• **Goal of the exercise**
Exclude the pictures and reproduce the remaining data exactly as written.

• **Data extract**
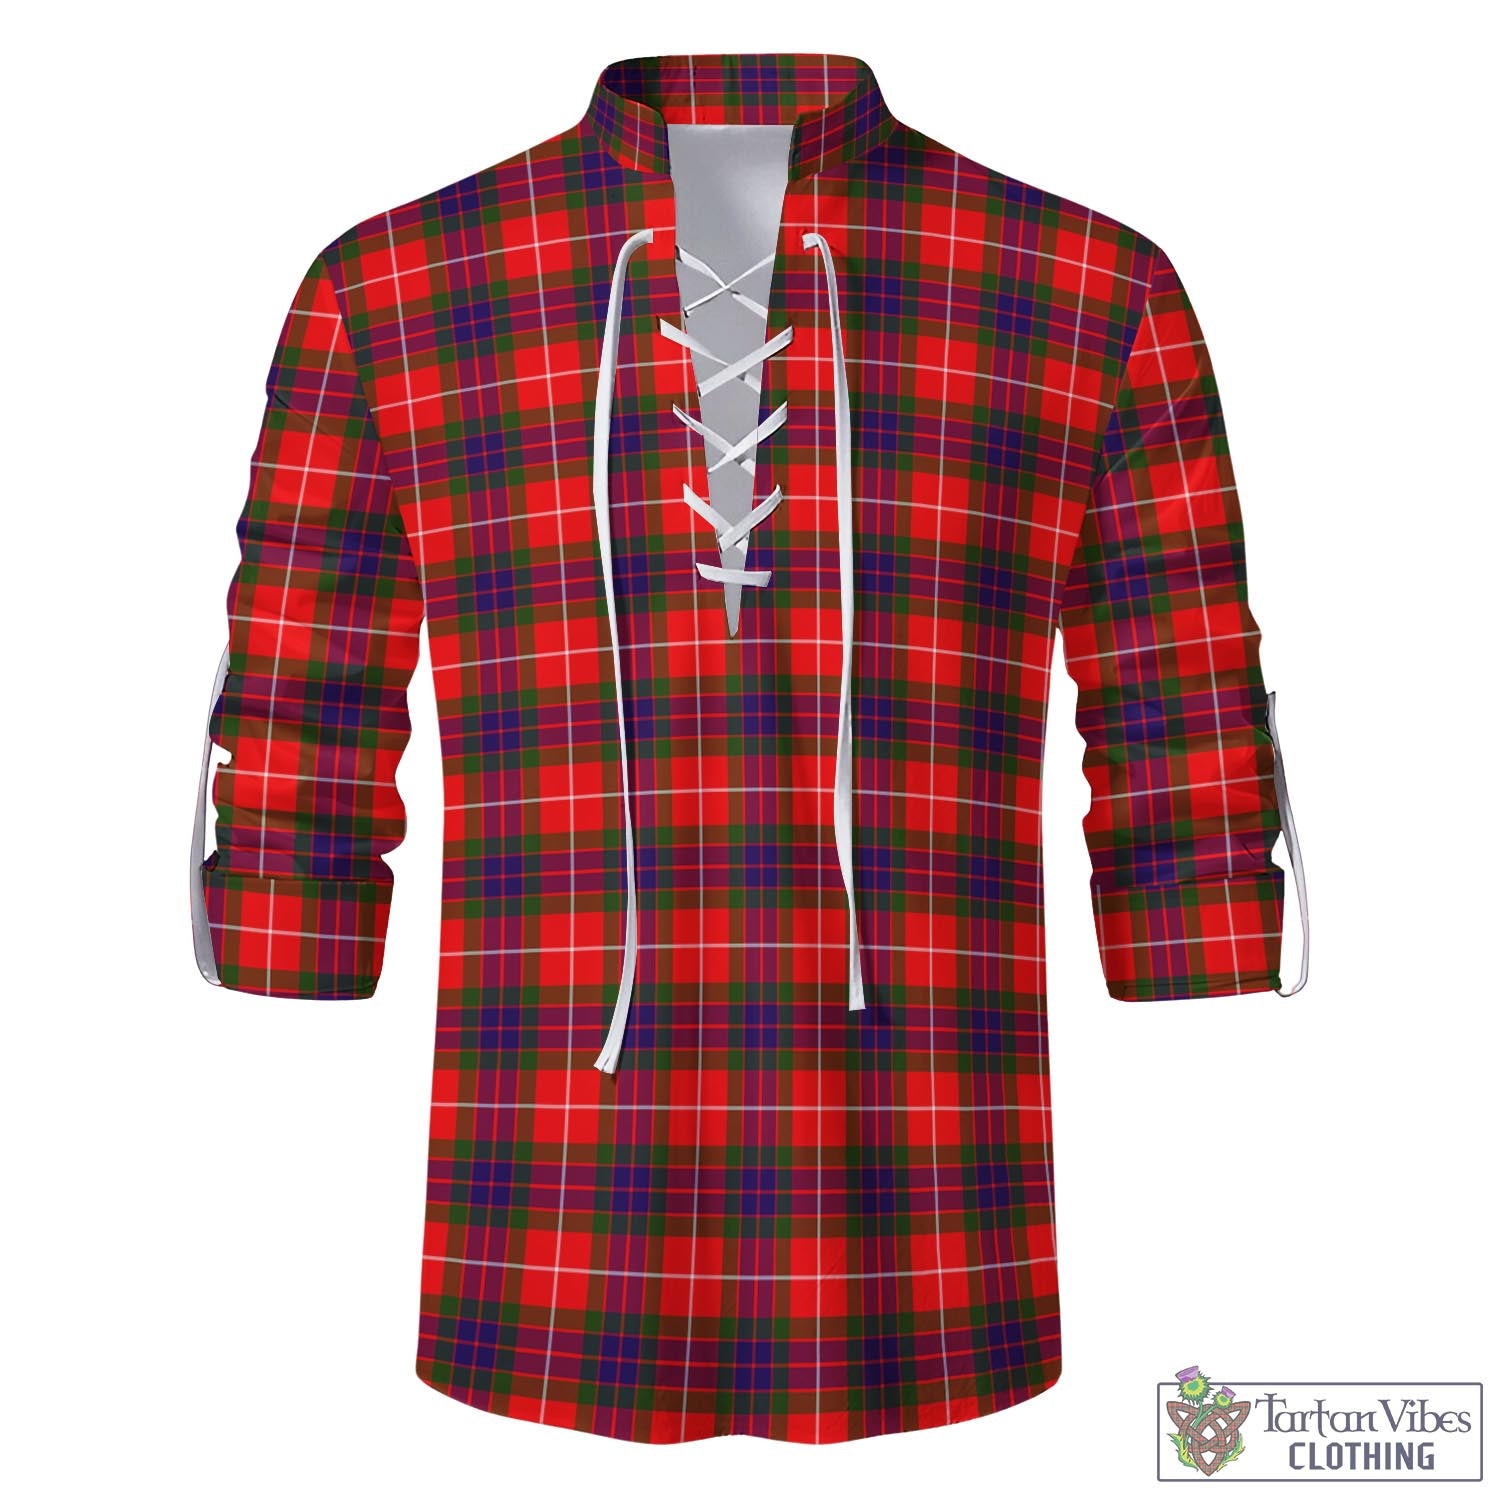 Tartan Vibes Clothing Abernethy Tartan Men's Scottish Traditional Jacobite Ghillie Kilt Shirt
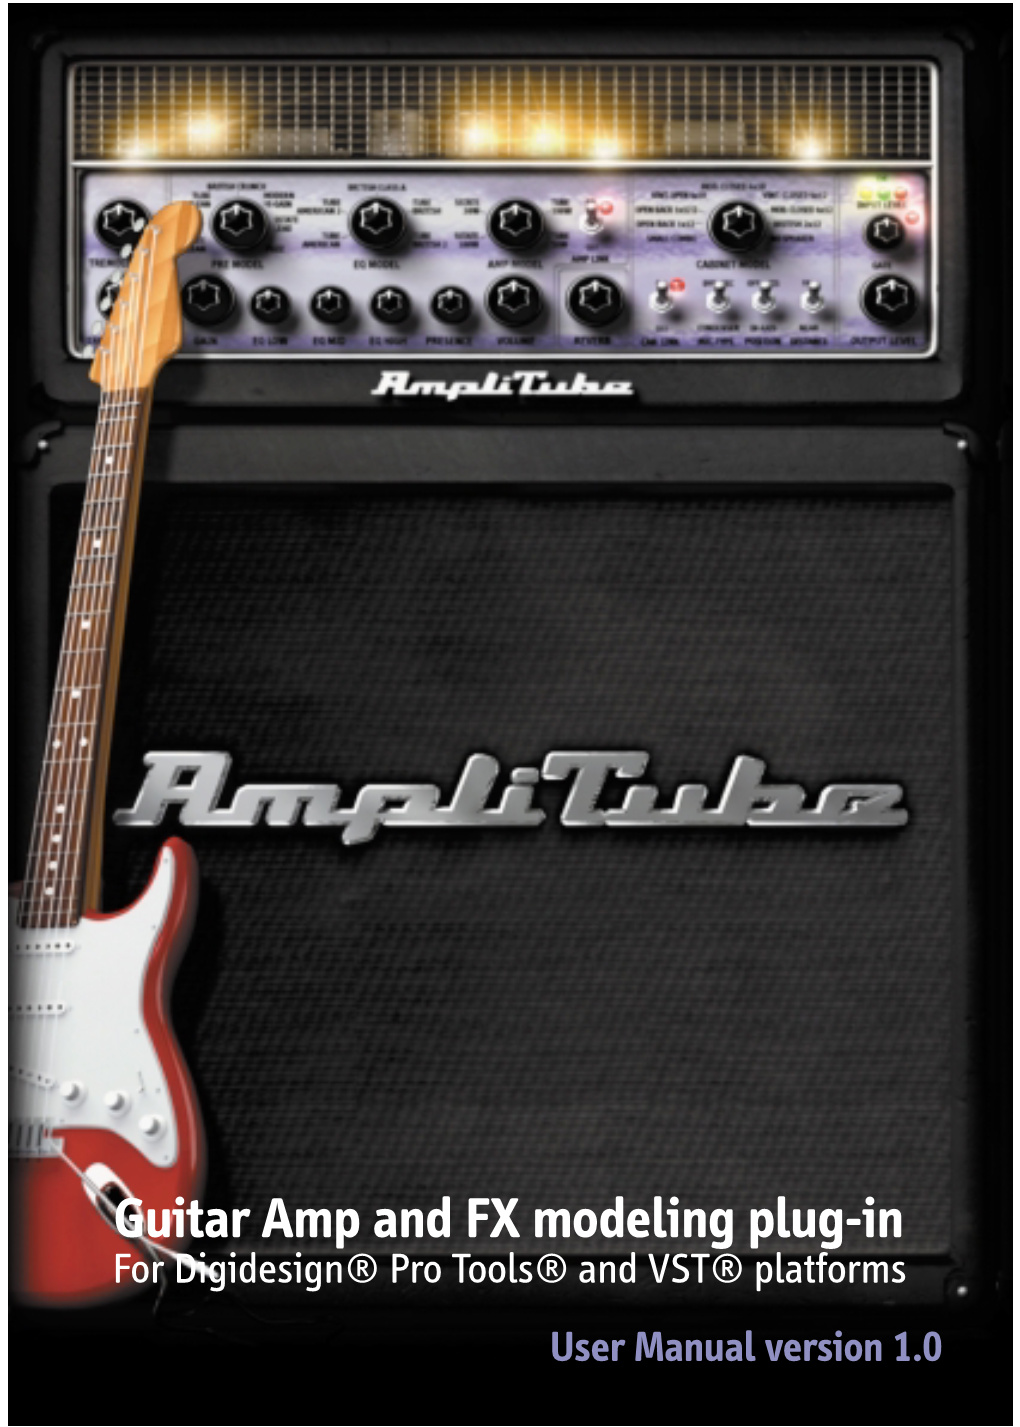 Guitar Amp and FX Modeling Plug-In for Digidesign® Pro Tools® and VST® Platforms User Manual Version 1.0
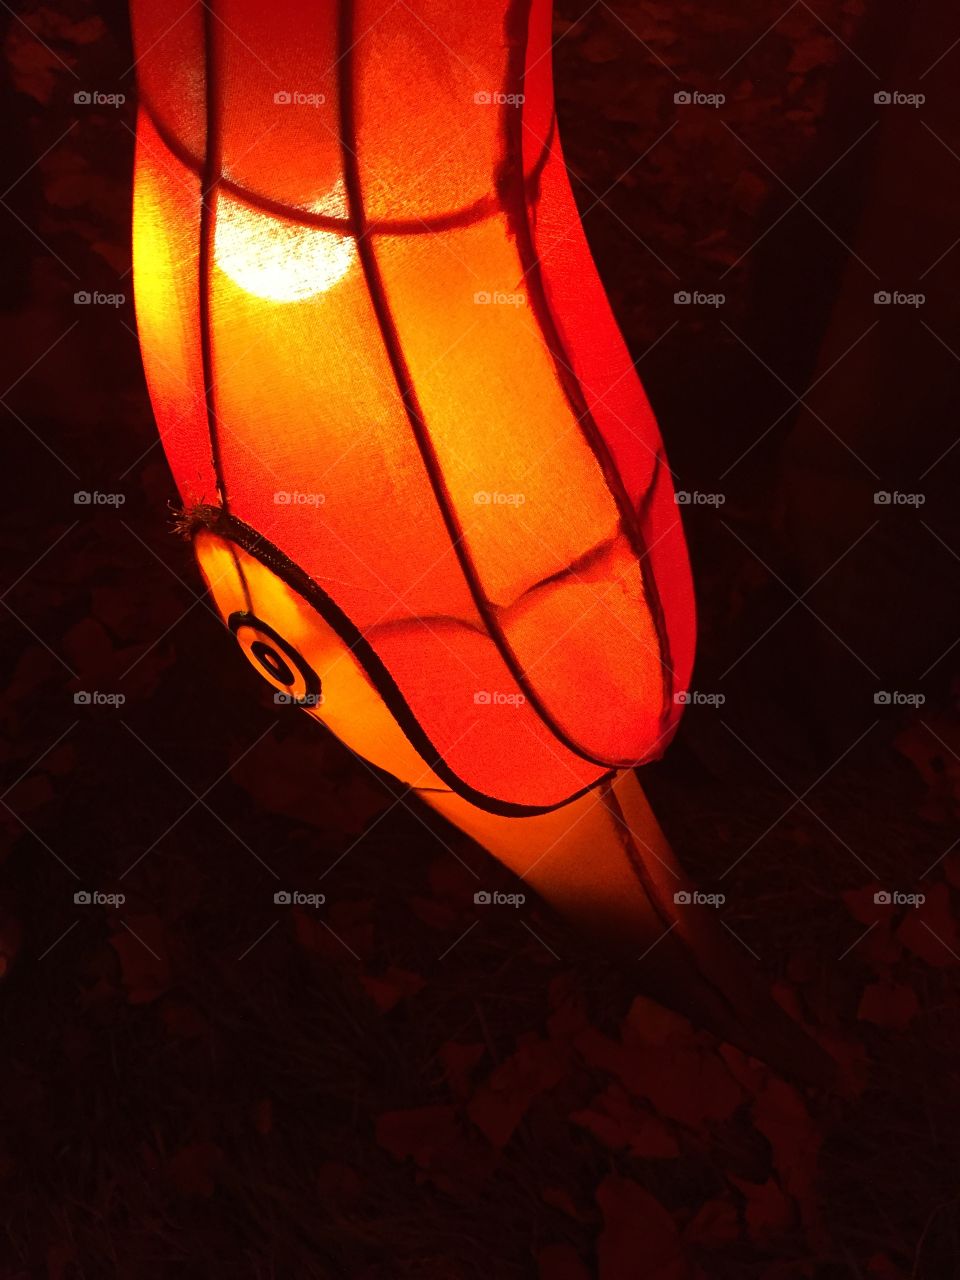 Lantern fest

• **Solution for this exercise**
 Tartan Vibes Clothing Abernethy Tartan Men's Scottish Traditional Jacobite Ghillie Kilt Shirt
 Guitar Amp and FX Modeling Plug-In for Digidesign® Pro Tools® and VST® Platforms User Manual Version 1.0
 Lantern fest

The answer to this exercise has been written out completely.